Presented as part of the 1-54 Contemporary African Art Fair’s Marrakech program, the exhibition positions artistic witnessing as both a poetic gesture and a political act.
Featuring works by Saif Fradj (Tunisia), Zineb Bouchra (Morocco), Adem Yahiaoui (Algeria), Ibouyen (Morocco), Abdellah Oujdi Yousfi (Morocco), and Abdellah Aboulhamd (Morocco), the show spans photography, painting, drawing, and installation.
Across these mediums, the artists transform fragments of lived experience into visual testimonies that confront what is often erased or silenced.
The exhibition reflects on themes such as ecological destruction, restricted freedoms, intergenerational trauma, and ancestral persistence.

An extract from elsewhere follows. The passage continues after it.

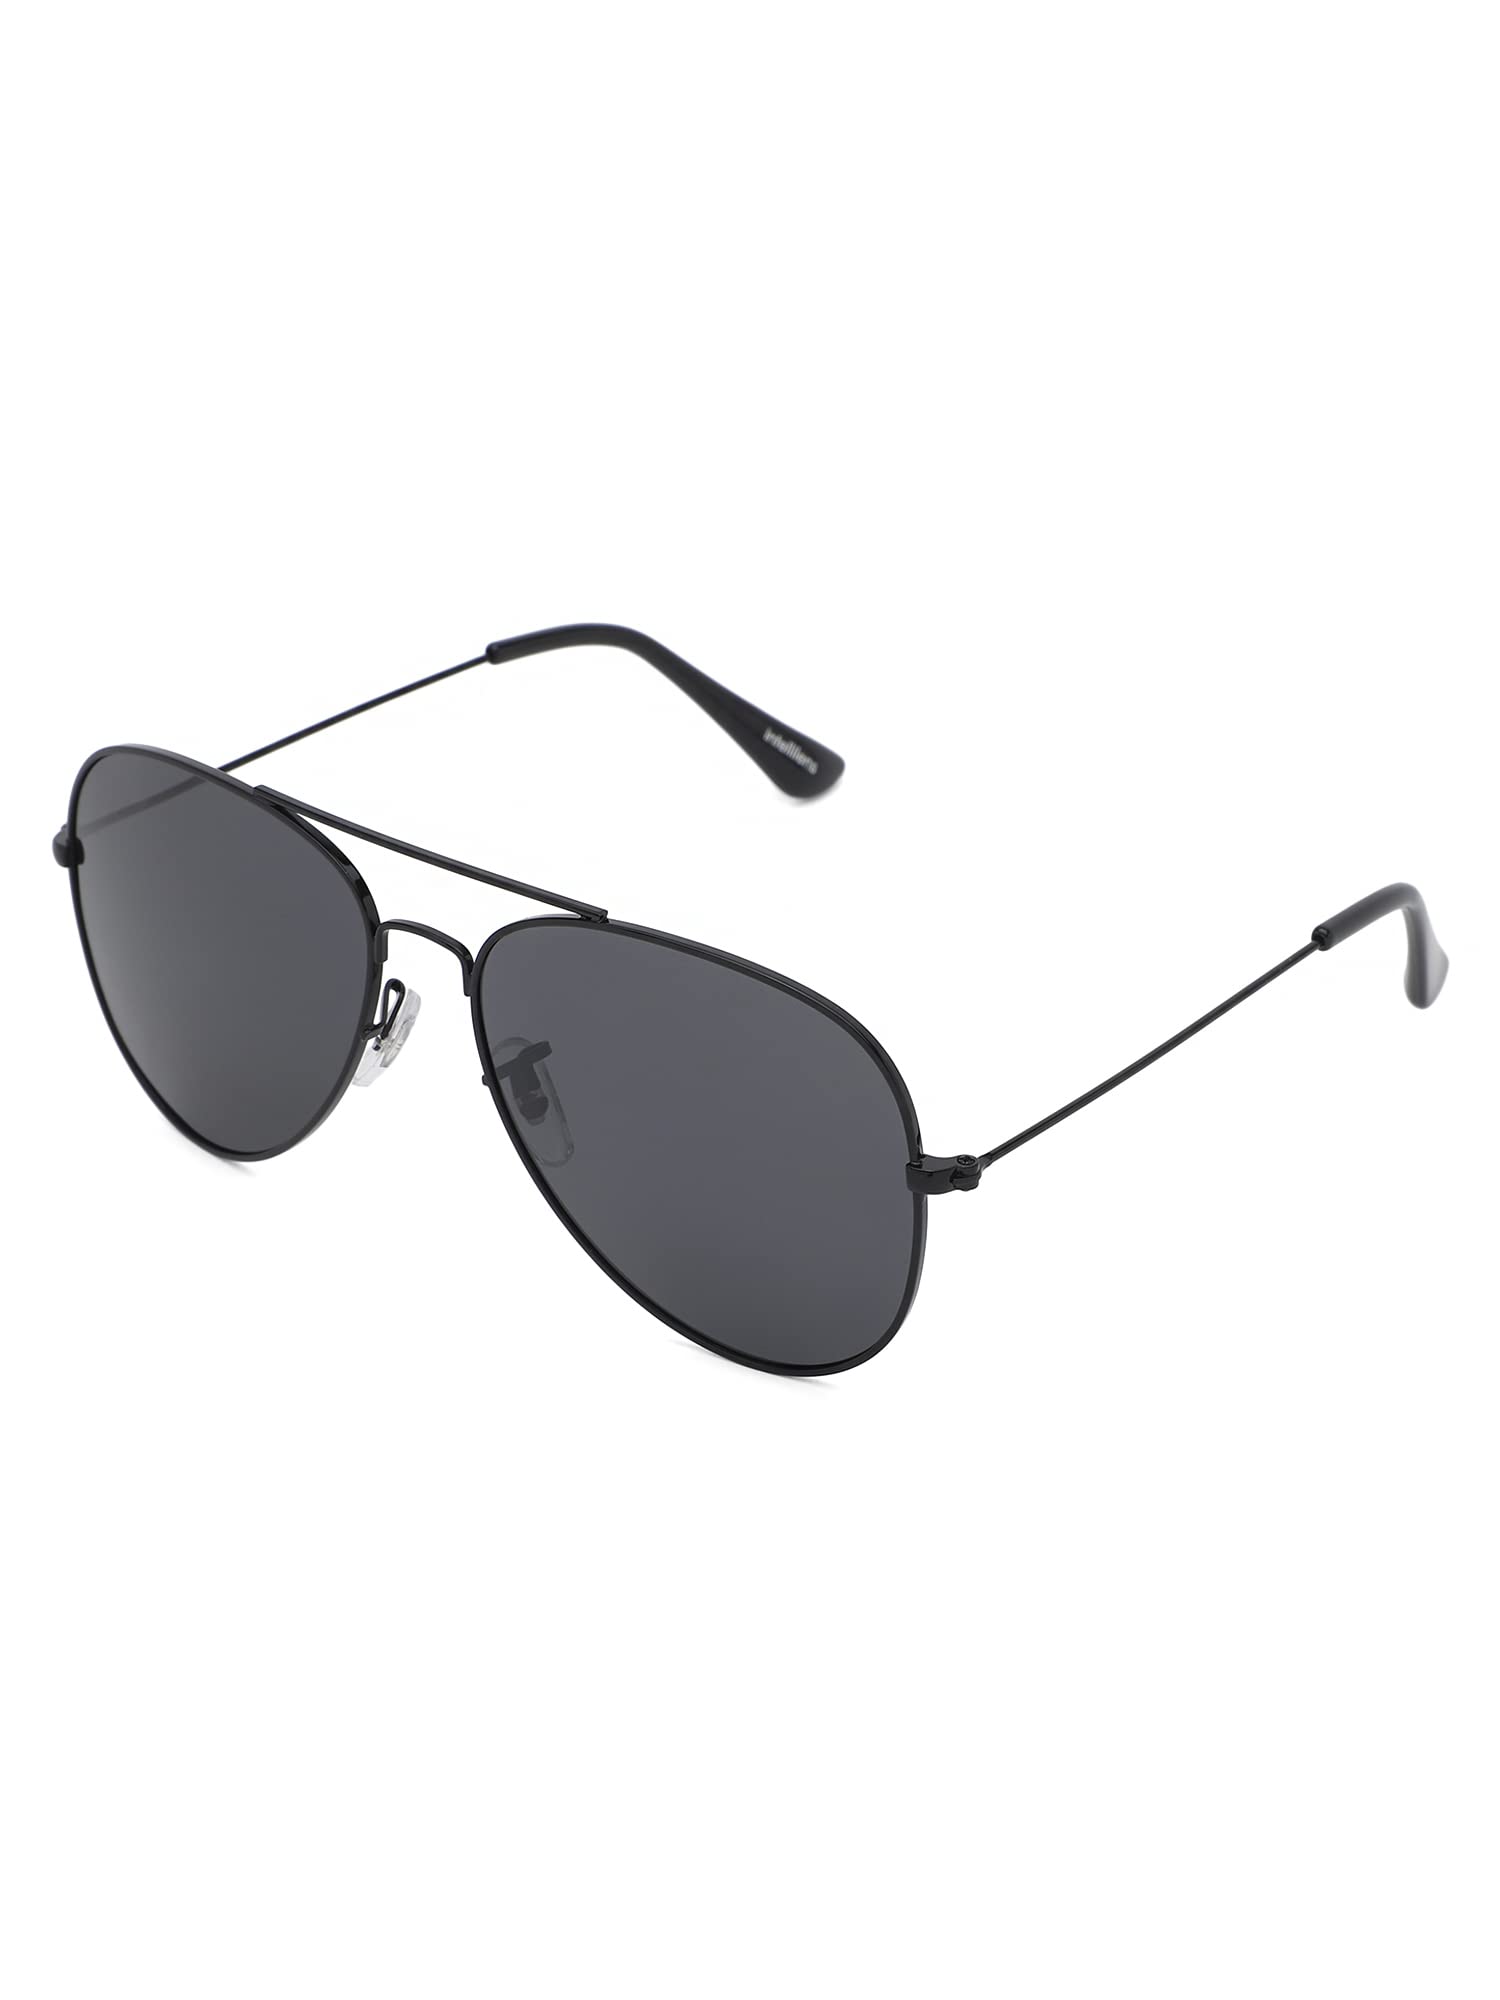 Intellilens Aviator Polarized & UV Protected Sunglasses For Men & Women | Goggles for Men & Women (Black) (59-21-131) - Pack of 1

From images of an oasis damaged by extractive practices to intimate family archives revealed for the first time, the works trace how territory is shaped not only by borders, but by memory, culture, and emotional inheritance.
Speaking to Morocco World News at the opening, curator Abdellah Aboulhamd described What We Witness, We Carry as a collective project grounded in shared regional experience and dialogue across the Arab world.
A co-founder of Leblassa Art Space and the Yassalam Artist Collective, Aboulhamd emphasized the collaborative nature of the exhibition.
“It’s an artist collective gathering artists from all over the Arab world, from North Africa, the Levant, and the Gulf,” he said.
“Today we are at the opening of our latest exhibition as part of 1-54 Art Fair, titled What We Witness, We Carry, showcasing works from six different artists from Morocco, Algeria, and Tunisia.”
Aboulhamd explained that the exhibition’s central concept of territory extends beyond physical geography.
“The whole exhibition is about territory and how we define it, not only as borders, but as something cultural, ancestral, and emotional,” he noted.
“It’s about what territory means in one’s life, and how those invisible boundaries shape who we are.”
Through images of children flying kites during lockdowns, dream symbols erased and reimagined, earthquake debris suspended in space, and ancient rock carvings treated as both archive and home, the exhibition reveals how artists reclaim narratives that dominant systems seek to obscure.
Fragmentation becomes form, and memory becomes material.
By making the hidden visible, the artists affirm agency over their histories and environments, insisting that bearing witness is itself an act of resistance.